Section 2. Voting Members elect members of the Board of Trustees and the Leadership Development Committee. They are entitled to all the services of the Congregation. Voting Members who are the age of maturity in North Carolina may serve in governance or leadership positions established by these bylaws.

Section 3. Member Emeritus. A Voting Member who is no longer able to participate in the activities of the Congregation but who wishes to retain an affiliation may be designated as such at the discretion of the Lead Minister.

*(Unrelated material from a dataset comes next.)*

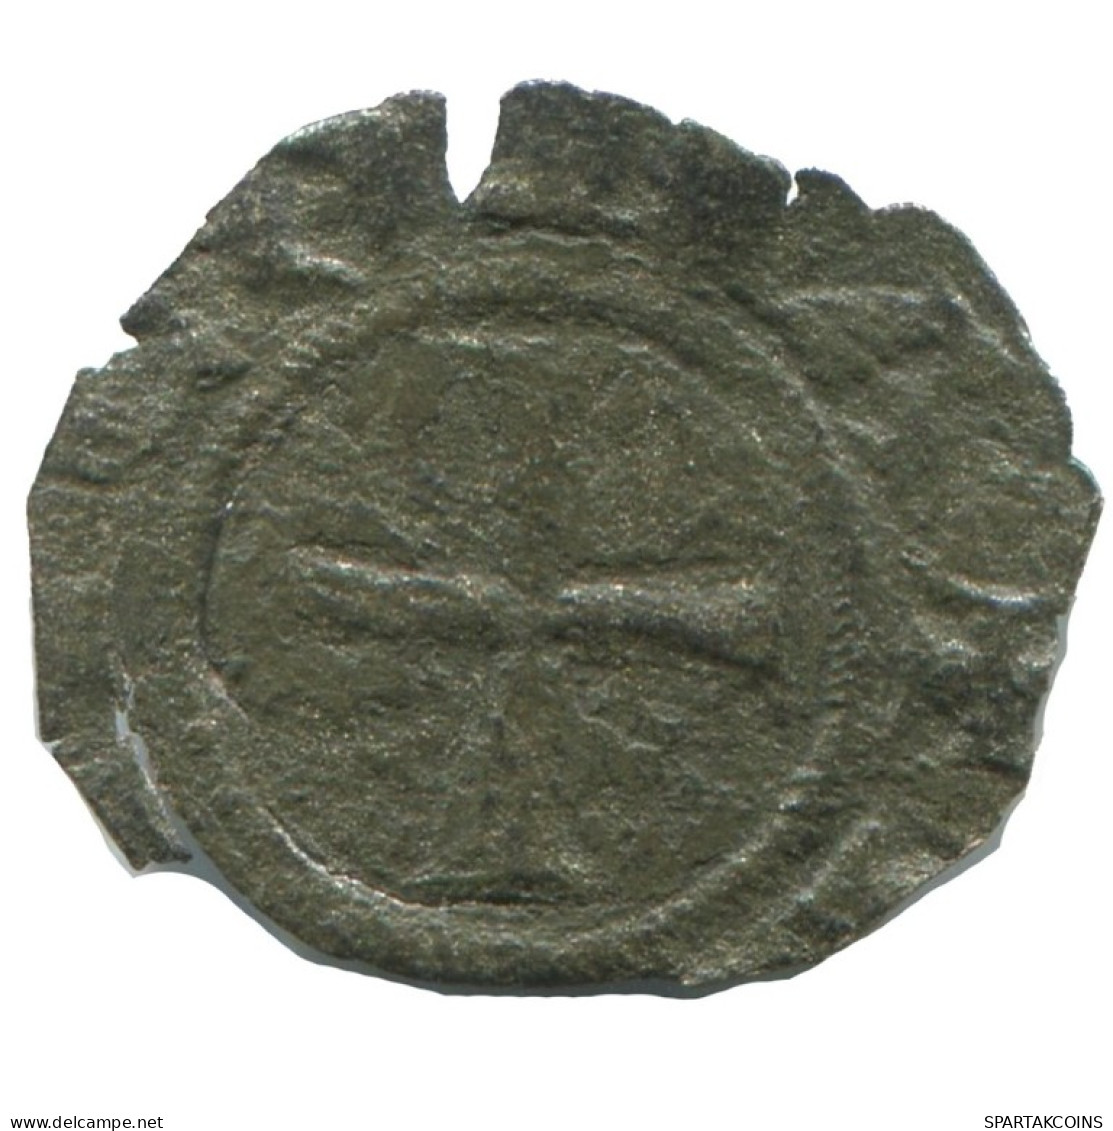 CRUSADER CROSS Authentic Original MEDIEVAL EUROPEAN Coin 0.3g/15mm #AC397.8.U.A - Other - Europe

Section 4. The number of Voting Members recorded in the church database, maintained by the Congregation’s staff, will be used to establish quorums at congregational meetings and for reports to the UUA. A Voting Member’s name shall be removed from active membership status in case of:

  1. the member’s death;
  2. written request by the member to the Congregation’s office;
  3. the lack of an annual commitment form and/or recorded contribution; however, attempts will be made to contact the Member prior to removal; or
  4. removal by a two-thirds (2/3) vote of the Board for actions that the Board and Lead Minister agree violate the Disruptive Persons Policy and/or the Safe and Civil Church Policy. 

Section 5. A Sustaining Friend of the Congregation is a person who:

  1. is in sympathy with the Purpose and Mission of the Congregation and abides by its Covenant;
  2. has completed the UUCA Coming of Age program or reached the age of 16;
  3. has completed a course of study approved by the Board of Trustees or has discussed the matter with a Minister or person designated by the Lead Minister;
  4. completes an annual commitment form and makes an annual recorded contribution; and
  5. chooses not to be a Voting Member and identifies him/herself as a Sustaining Friend.

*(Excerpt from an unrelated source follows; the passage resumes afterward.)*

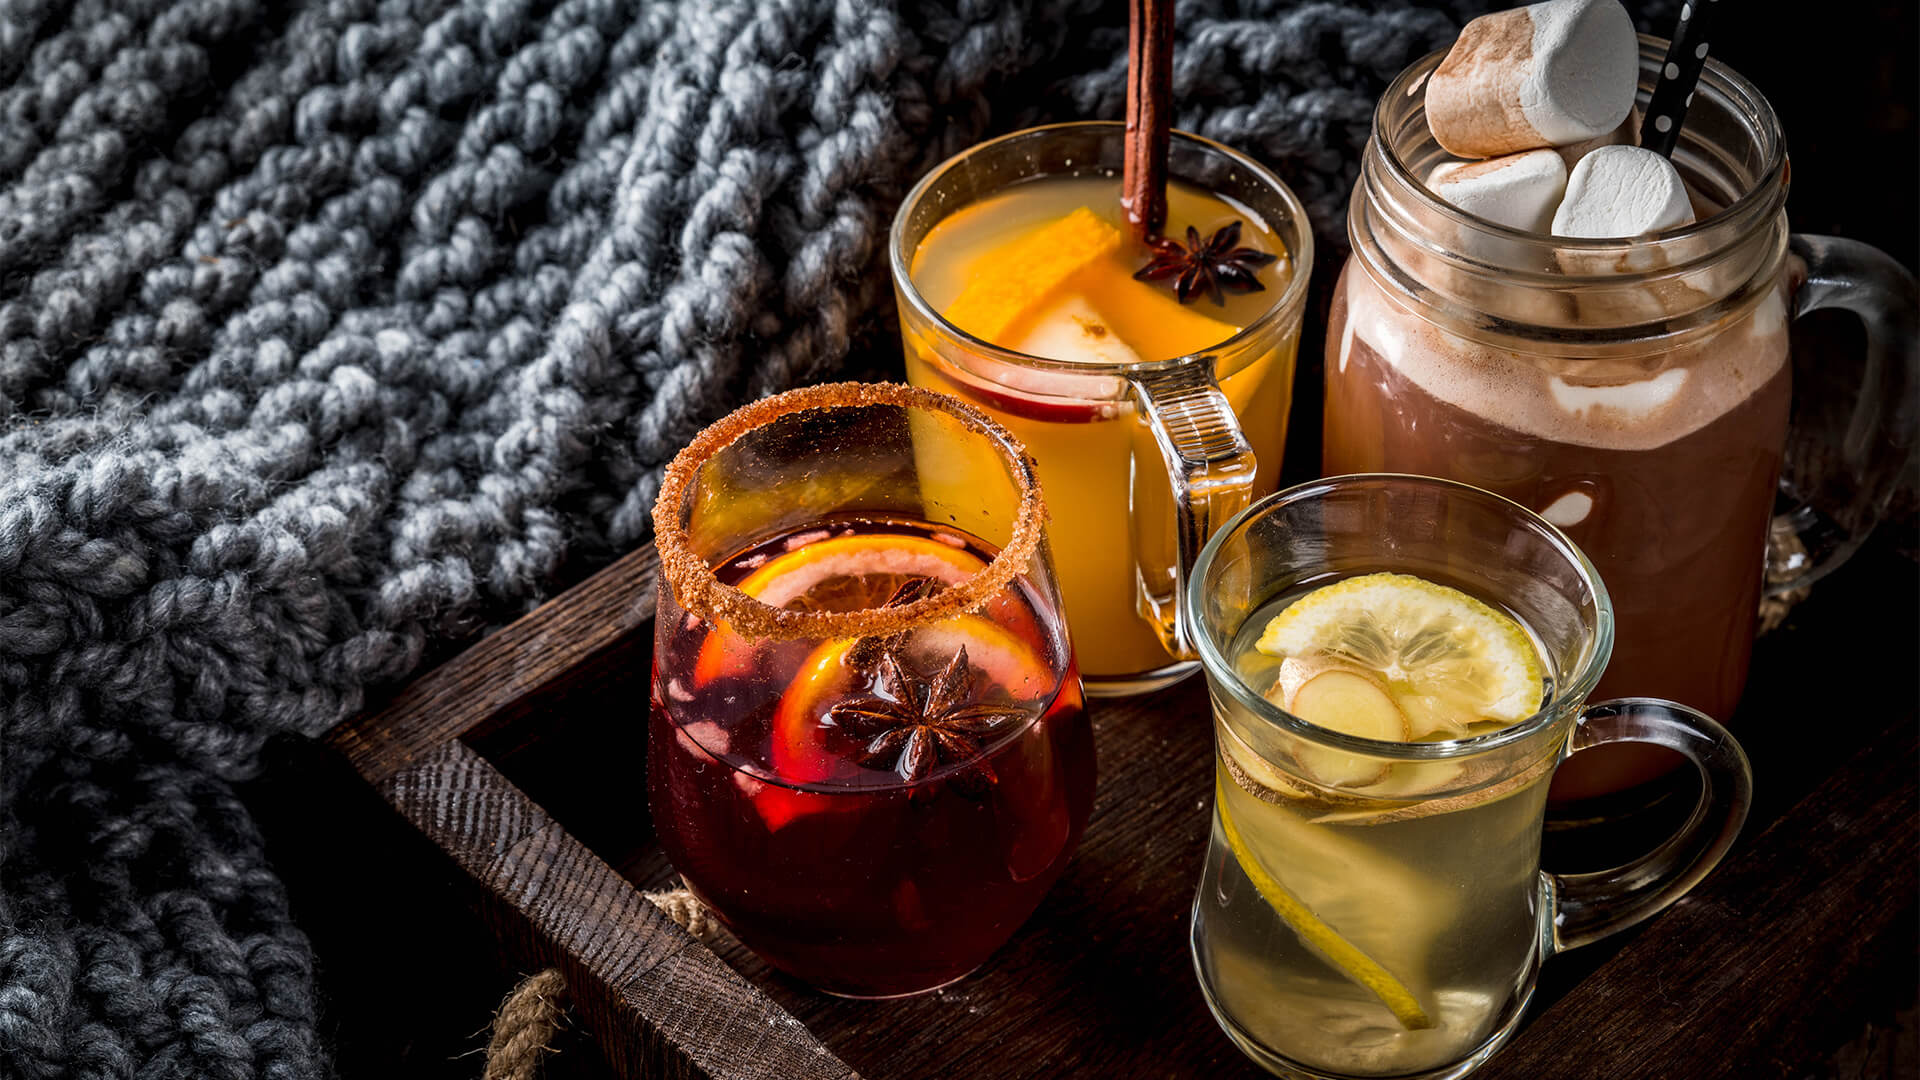 Selection of various autumn traditional drinks: hot chocolate with marshmallow, tea with lemon and ginger, white pumpkin spicy sangria, mulled wine. On wooden rustic table,

A Sustaining Friend is entitled to all the services of the Congregation excluding the right to vote or serve in governance or leadership positions established by these bylaws. A Sustaining Friend may speak at Congregational meetings. A Sustaining Friend shall be removed from active status in accordance with Art. IV, Section 4.

 

ARTICLE V – BOARD OF TRUSTEES AND OFFICERS

Section 1. The business and affairs of UUCA shall be the responsibility of the Board of Trustees (a.k.a. Directors in the Charter) elected by the Congregation. The Board shall be composed of nine (9) Trustees. For election see Art. IX, Section 1.

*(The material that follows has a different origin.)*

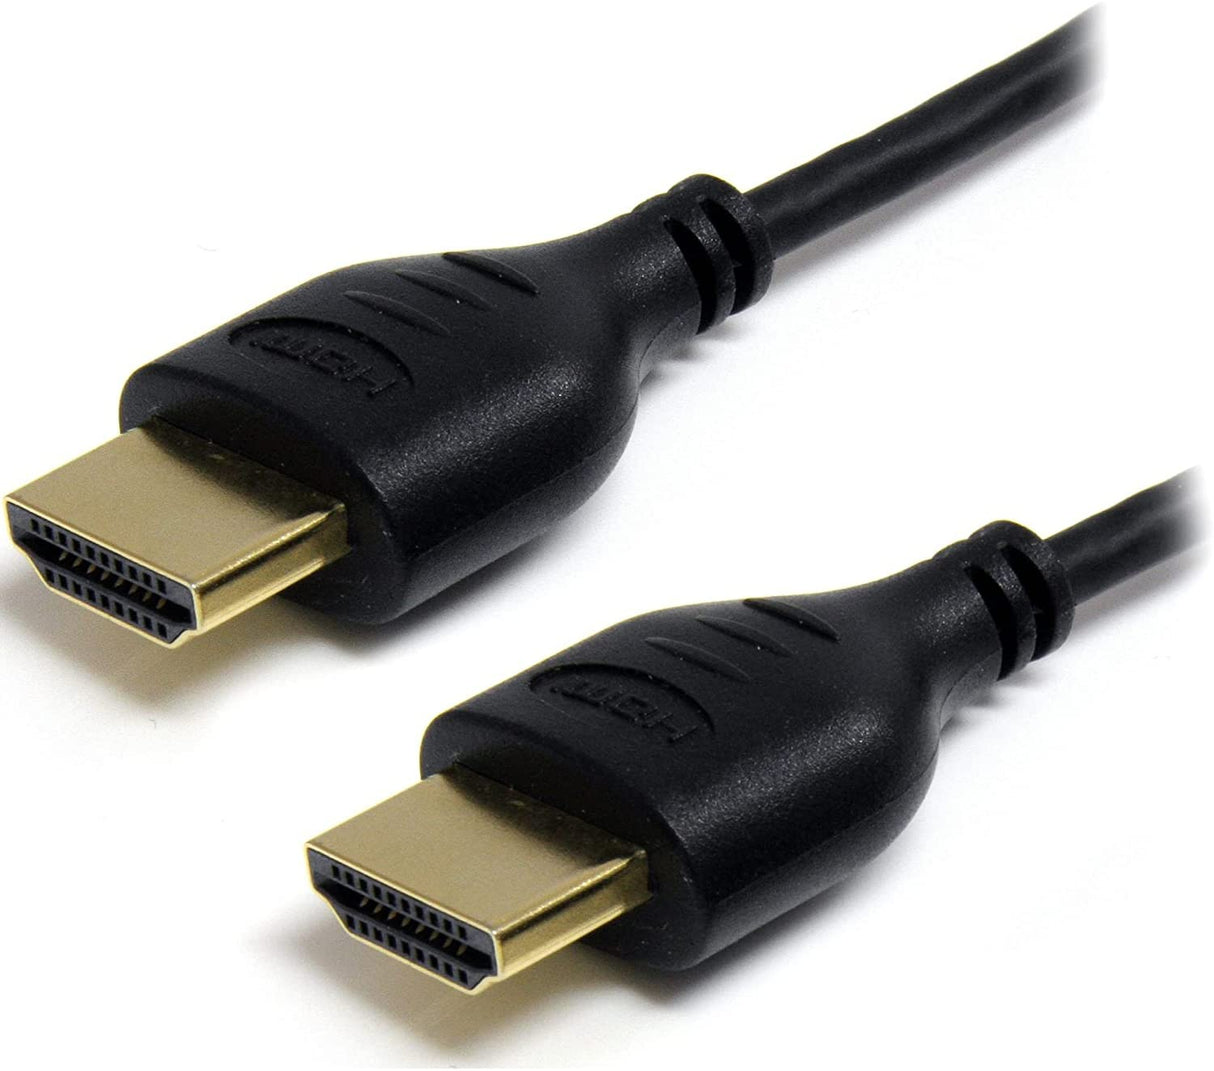 StarTech.com 3 ft Slim High Speed HDMI Cable with Ethernet - Ultra HD 4k x 2k HDMI Cable M/M - 3ft Slim HDMI Cable - 3ft HDMI Cable (HDMIMM3HSS),Black 3 ft / 1m Slim

Section 2. The Board shall meet regularly during the year. A majority of its members shall constitute a quorum.

Section 3. Between Congregational meetings, the Board shall act on behalf of the Congregation. The Board sets governance policies that reflect the Mission of the Congregation and delegates the work of implementing the policies to the Executive. In addition to responsibilities described in Governance Document: Unitarian Universalist Congregation of Asheville (hereafter Governance Document), maintained by the Board and the Executive, the Board shall have authority to:

  1. Recommend revisions of the bylaws.
  2. Establish meeting dates for the Congregation and Board of Trustees.
  3. Fill vacancies in the Board of Trustees or Leadership Development Committee in consultation with the Leadership Development Committee. At its discretion and providing at least seven elected Trustees remain, the Board may decide not to immediately fill a Board vacancy, but to wait until the next election to replace Trustee(s) who cannot complete their terms. Persons appointed to fill such vacancies shall serve until the end of the current Congregational fiscal year or until successors shall have been elected and assumed office in accordance with Art. IX, Section 6.
  4. Appoint delegates to represent the Congregation at denominational and other meetings.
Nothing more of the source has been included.